Without Hyperparameter Tuning when comparing the available variables in the cloud they are about the same.

Assumptions & Limitations

The model was trained on the SPECpower dataset which almost exclusively includes compute focussed machines. This means it will not be accurate for memory-heavy machines like database servers or ML machines that tend to use GPUs/TPUs or even ASICS
The main input variable for the model is CPU utilization. This metric is only reliable if the system frequencies do not change much. See our in depth article about usefulness of CPU Utilization as a metric
SPECPower machines tend to be rather tuned and do not necessarily represent the reality of current datacenter configurations. So you are likely to get a too small value than a too high value. This was also detailed in the analysis earlier in the README, where we talk about the turned off features.
If you are in a shared resource system like a Virtual Machine the model will assume a linear fraction of the load. This is debateable and might need improvement.

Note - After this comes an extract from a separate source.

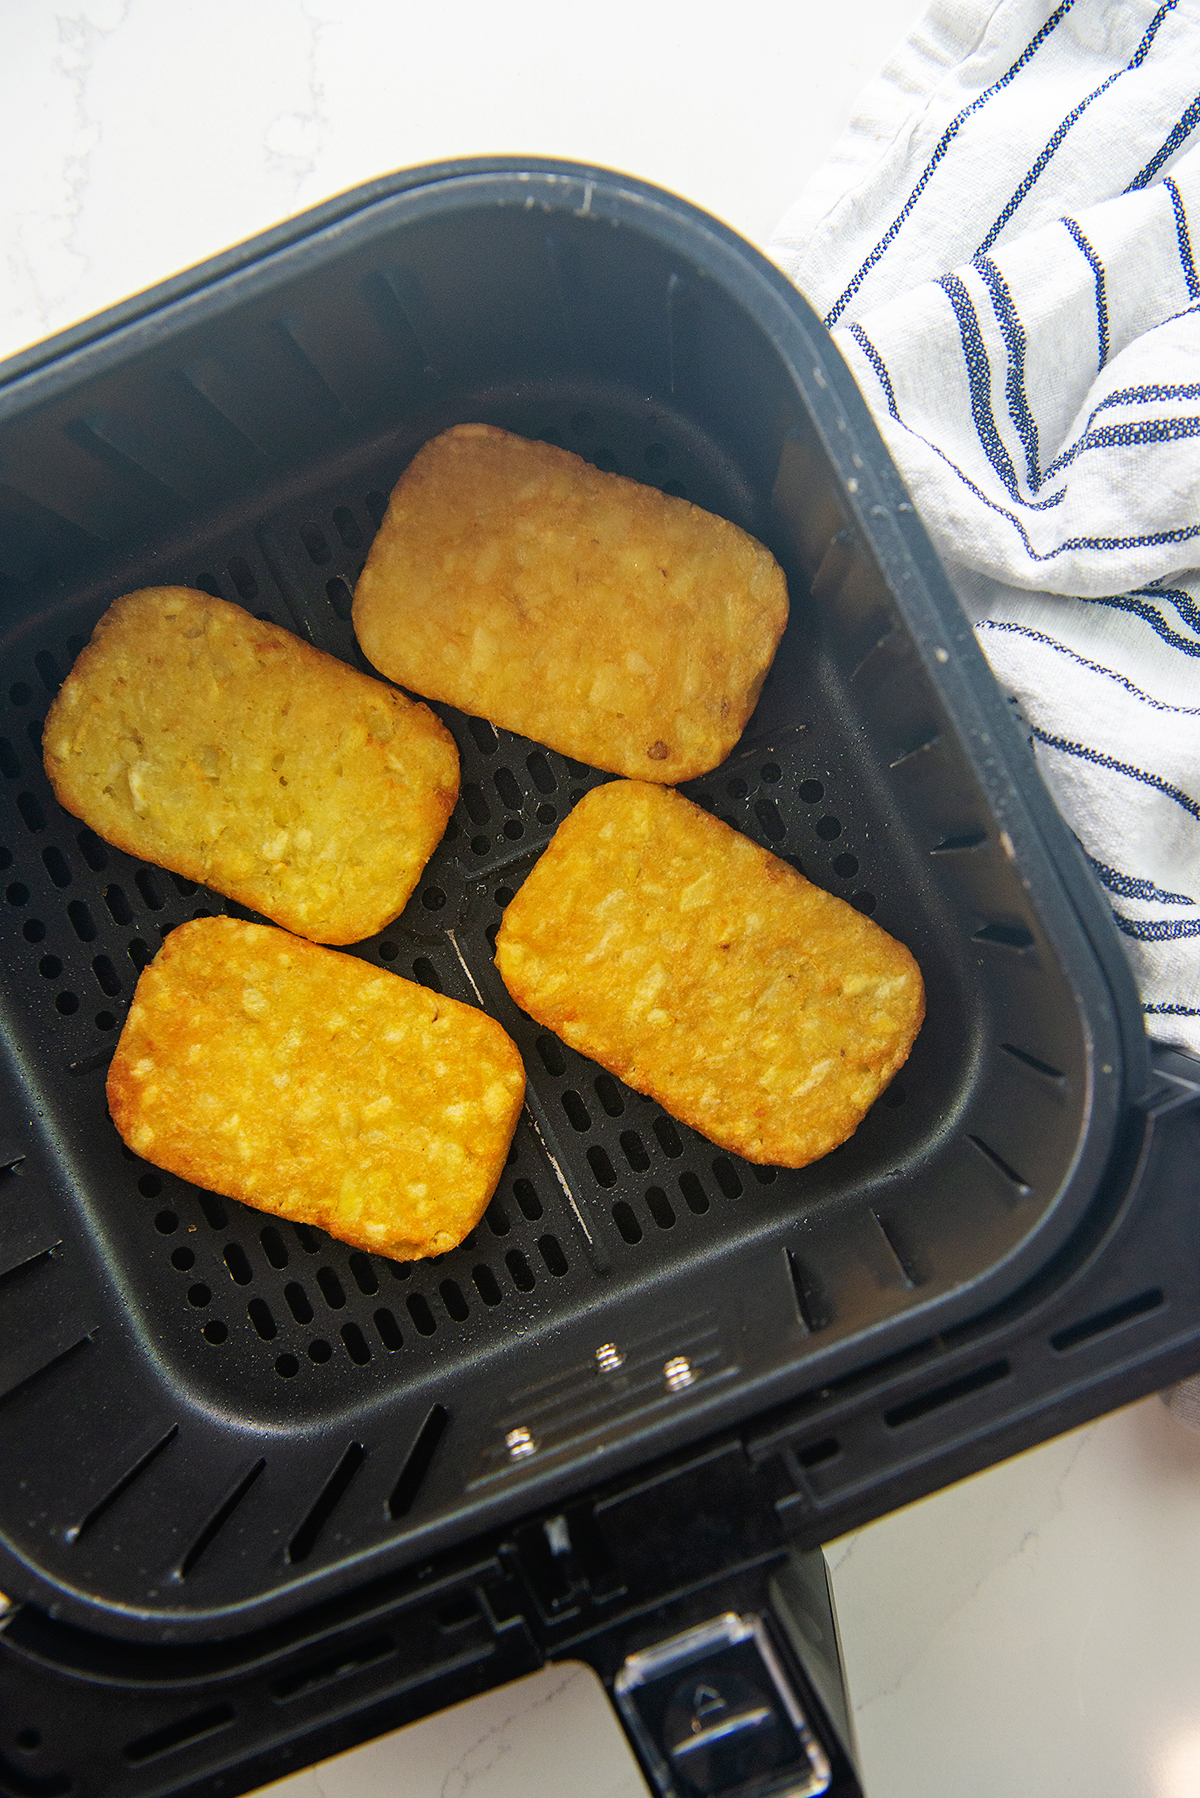 Four hashbrowns spread out in an air fryer basket.
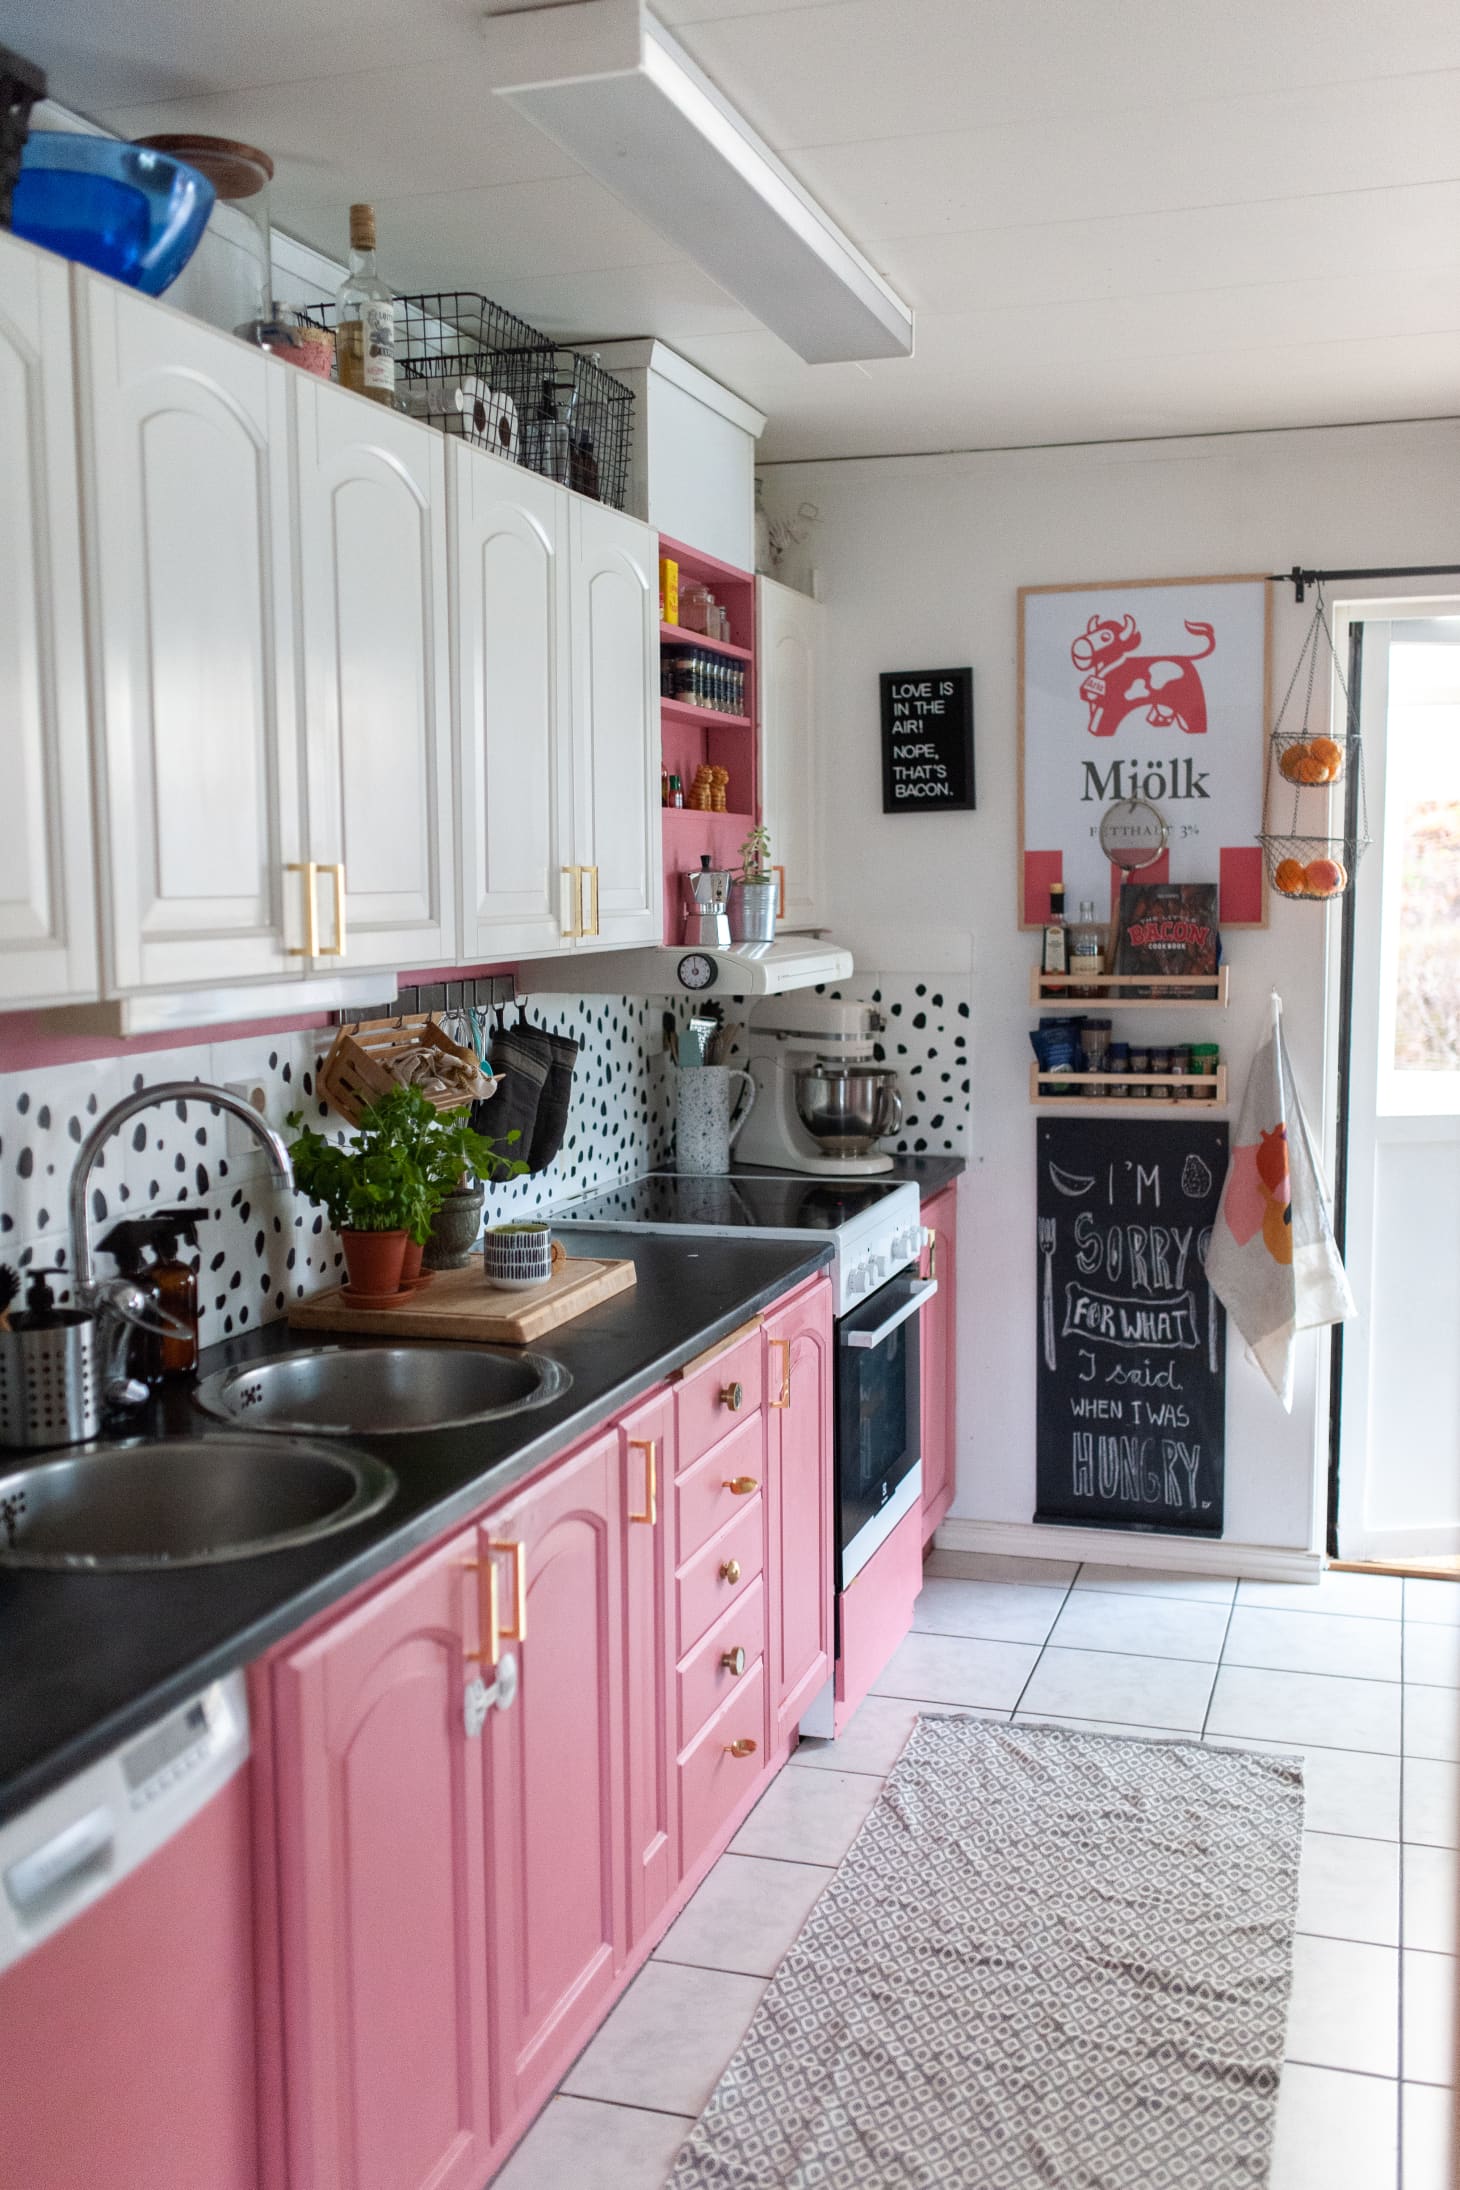 This Swedish Home Has the Most Glorious Pink Kitchen  Kitchn

See the discussion here: https://github.com/green-coding-solutions/spec-power-model/issues/4

TODO

vhost operating point
~~validation of EC2 machines and the data from Teads.~~
~~Performance optimizations for inline processing to get below 2% of utilization for 100ms intervals~~
Re-evaluating more machines from the SPECPower database in our lab and better understand what the BIOS settings really impact in regards to the server energy
Research what values in the cloud are typically set for the BIOS settings that SPECPower lists and if they can be configured in the cloud
Introspecting our models to understand which parameter in which setting will give the most energy gain when set on the machine so that developers can optimize these parameters

Credits

A similar model has been developed in academia from Interact DC and the paper can be downloaded on their official resources site.

Our model was initially developed idependently but we have taken some inspiration from the paper to tune the model afterwards.

A big thank you to Rich Kenny from Interact DC to providing some insights to parameters and possible pitfalls during our model development.